At Microsoft, 47,000 developers are generating nearly 30,000 bugs a month and these vulnerabilities get stored across over 100 AzureDevOps and GitHub repositories to quickly spot critical bugs and stay ahead of the hackers. According to Scott Christiansen, a senior security programme manager at Microsoft, large volumes of semi-curated data are perfect for machine learning. Since 2001, Microsoft has collected 13 million work items and bugs.
"We used that data to develop a process and machine learning model that correctly distinguishes between security and non-security bugs 99 per cent of the time and accurately identifies the critical, high priority security bugs, 97 per cent of the time," informed Christiansen.
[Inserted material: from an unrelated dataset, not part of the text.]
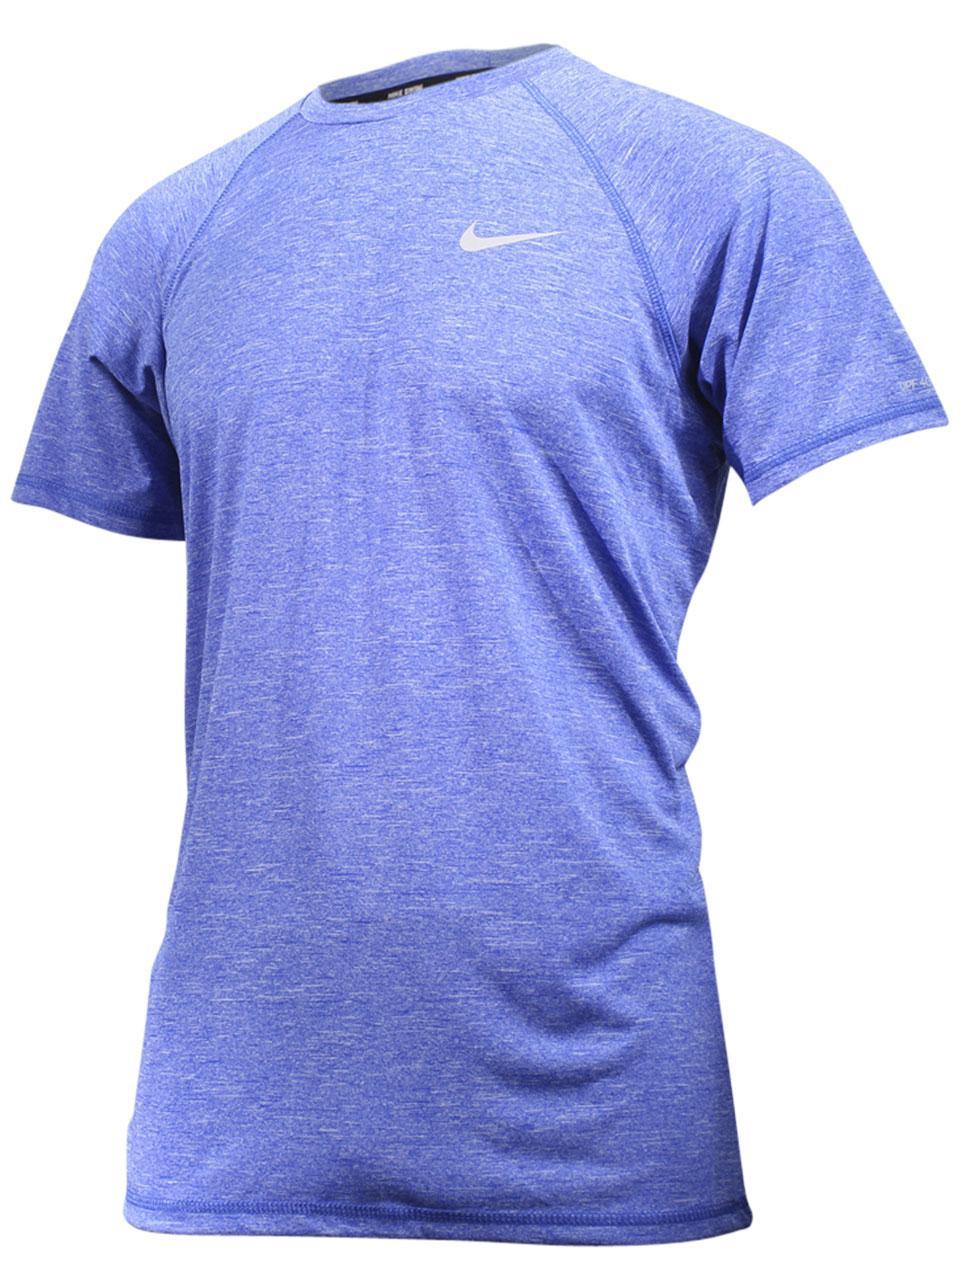 79cc47a0f Nike Men's Heather Short Sleeve Hydroguard Shirt Swimwear

It's a machine learning model that's designed to help developers accurately identify and prioritize critical security issues that need fixing.
"Our goal was to build a machine learning system that classifies bugs as security/non-security and critical/non-critical with a level of accuracy that is as close as possible to that of a security expert," informed the Microsoft executive.
To accomplish this, Microsoft fed its model lots of bugs that are labelled security and others that aren't labelled security. Once the model was trained, it would be able to use what it learned to label data that was not pre-classified. Software developers daily stare down a long list of features and bugs that need to be addressed.
Security professionals try to help by using automated tools to prioritize security bugs, but too often, engineers waste time on false positives or miss a critical security vulnerability that has been misclassified. To tackle this problem, data science and security teams came together to explore how machine learning could help.
"We discovered that by pairing machine learning models with security experts, we can significantly improve the identification and classification of security bugs," Christiansen noted.